Sangat disayangkan ketika ada kasus yang “dianggap” sebagai penistaan agama atau ajaran agama yang dianggap sesat, umat Islam bereaksi berlebihan. Hal itu justru menghasilkan kesan Islam yang marah-marah daripada Islam yang ramah. Ironisnya mereka menganggapan Islam yang marah adalah indikasi kuatnya iman. Hal ini menjadi bumerang bagi umat Islam, yang mengakibatkan dunia internasioanal menganggap orang Islam berkarakter negatif, yang pada akhirnya justru menghambat dakwah Islam itu sendiri.
Di sinilah santri dituntut untuk lebih elegant dalam menyikapi semua itu. Seperti yang dicontohkan para kiai terdahulu yang memberi teladan positif seperti tabayyun (konfirmasi), diskusi yang indah, tidak memaksakan pendapat, serta mengedepankan kepentingan yang lebih besar. Karena bagaimanapun juga santri sering mendengar “la yu’tabaru qoulu mujtahidin ‘an khosmihi, darul mafasid muqoddamun”.

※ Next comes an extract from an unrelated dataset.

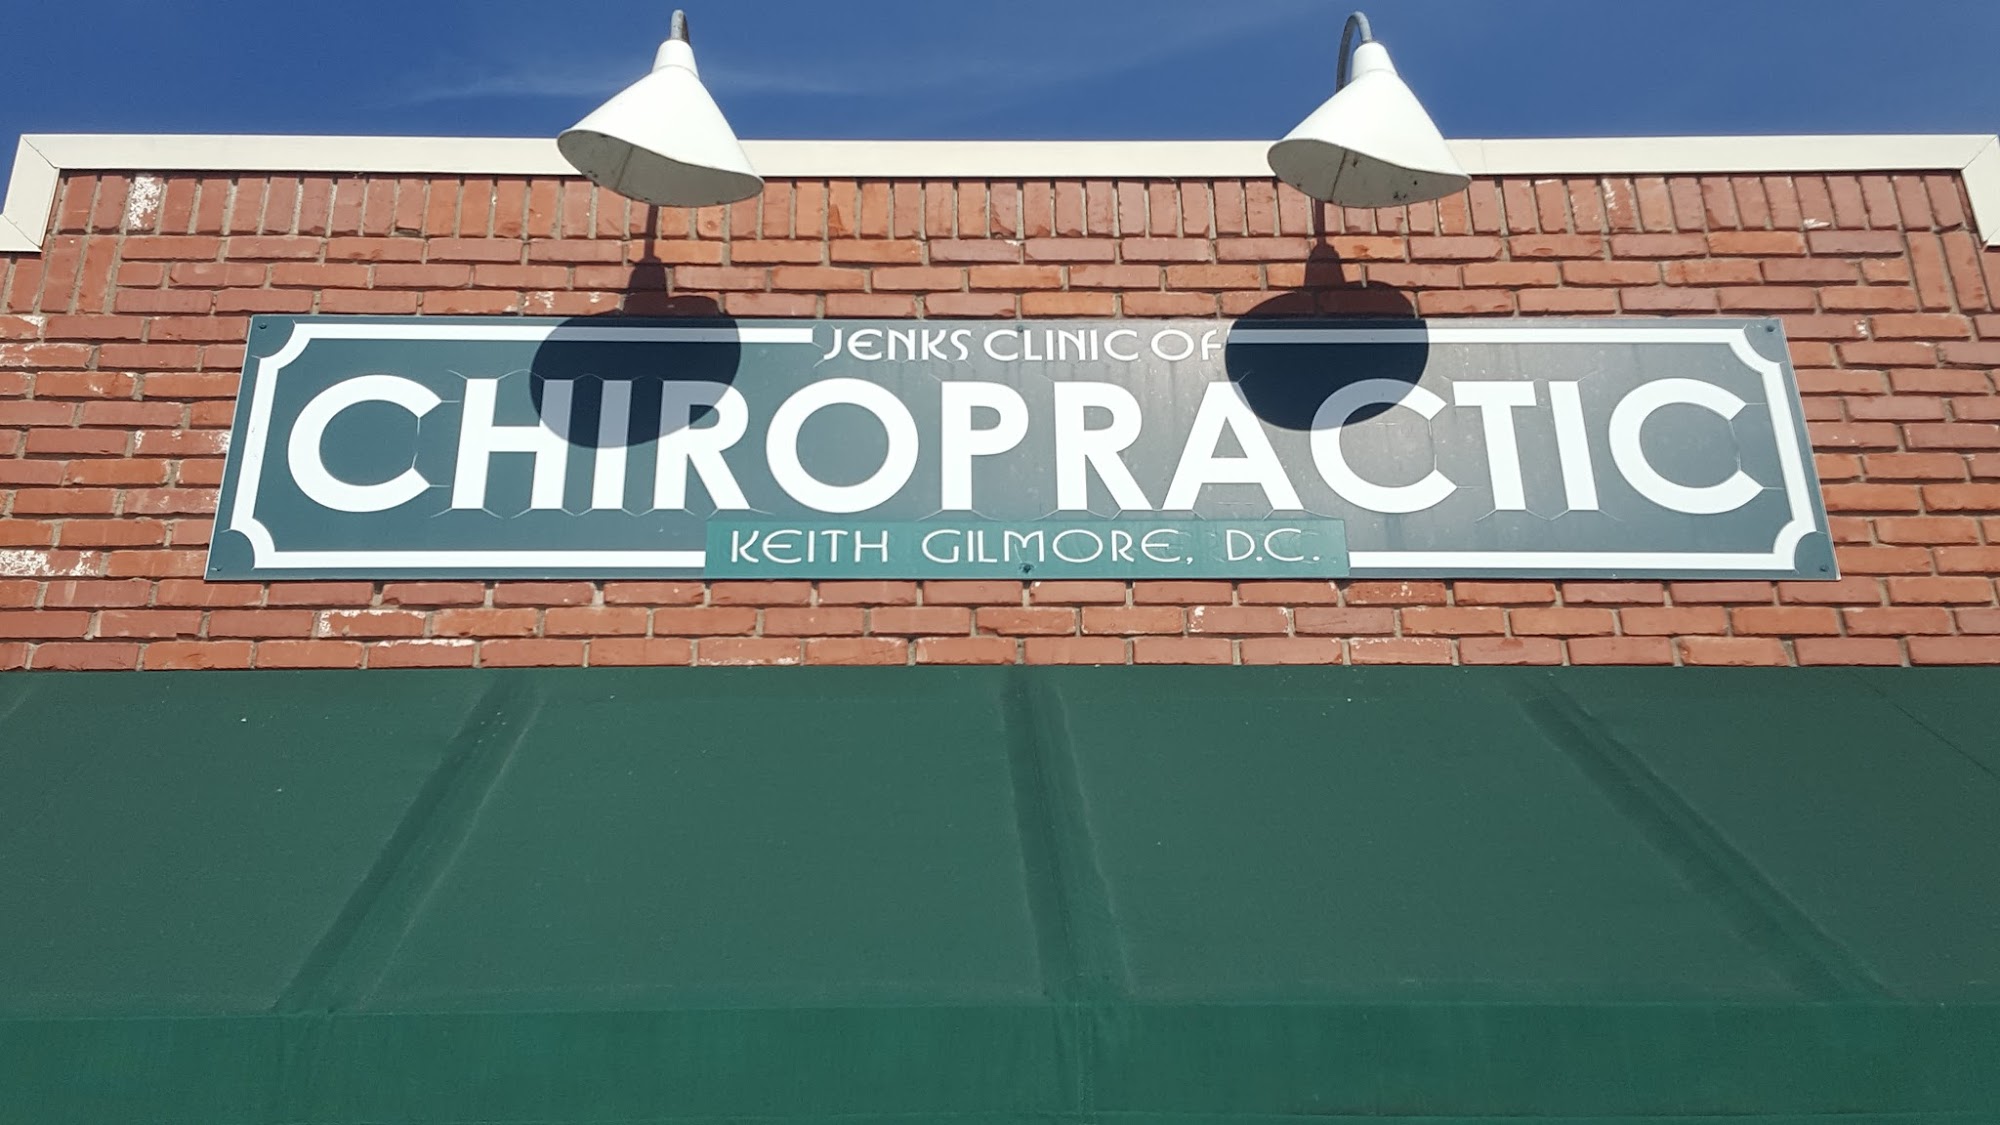 Jenks Clinic of Chiropractic (William K. Gilmore, DC)

- Menjaga tradisi santri dan pesantren
Tradisi santri dan pesantren adalah pendidikan, budaya, dan ekspresi keagamaan yang khas dan diwariskan secara turun-temurun. Bahkan menurut Gus Mus, keilmuan di dunia pesantren sanadnya sampai pada Rasulullah SAW. Ini semua perlu dipertahankan. Alih-alih membuang tradisi positif yang dikira kolot, justru kita terjerumus pada budaya yang idiot. Meninggalkan hafalan pelajaran, sorogan dan bandongan, dan lain sebagainya. Digantikan metode-metode instan adalah malapetaka bagi pendidikan pesantren, yang berujung menjauhkan para santri dari para ulama salaf yang mberkahi dan tentunya berkarakter.
Tujuan dari menjaga tradisi ini adalah sebagai solusi dari pendangkalan ajaran agama, yang disebabkan jauhnya kita dari para ulama salaf, yang ahli dalam memahami ajaran agama dan “membumikan” dalam konteks nyata di lingkunganya. Karena mereka tidak terjebak dalam pemahaman parsial, yang disinyalir sebagai titipan orientalis ataupun orang yang tidak bertanggung jawab dan menghendaki Islam berubah dari rahmat menjadi laknat.
Hal ini tentu tidak mudah, karena permasalahan yang muncul ditambah dengan perkembangan zaman, menyebabkan munculnya beberapa kasus yang belum ditemukan dalam tradisi pesantren. Di samping itu, diperlukan kontekstualisasi ajaran agama dengan konteks keindonesiaan dan kekinian, sebagaimana maklum bahwa khazanah keilmuan dunia pesantren adalah produk abad pertengahan dan bukan dari Indonesia.
**
Akhirnya, “paku” harus kuat dengan pukulan dan hantaman keadaan yang bertubi-tubi, karena itu semua dalam rangka mewujudkan cita-cita persatuan. Sebagaimana paku, semakin besar posisi santri semakin besar pula ujiannya, karena paku yang besar membutuhkan palu yang besar pula. Dan sudah saatnya santri memegang predikat “mundzir” atau pemberi peringatan sebagaimana dalam al-Qur’an “liyundziru qoumahum idza roja’u ilaihim”, memberi pencerahan dan peringatan pada kaumnya, bukan menjadi momok dan penyakit masyarakat.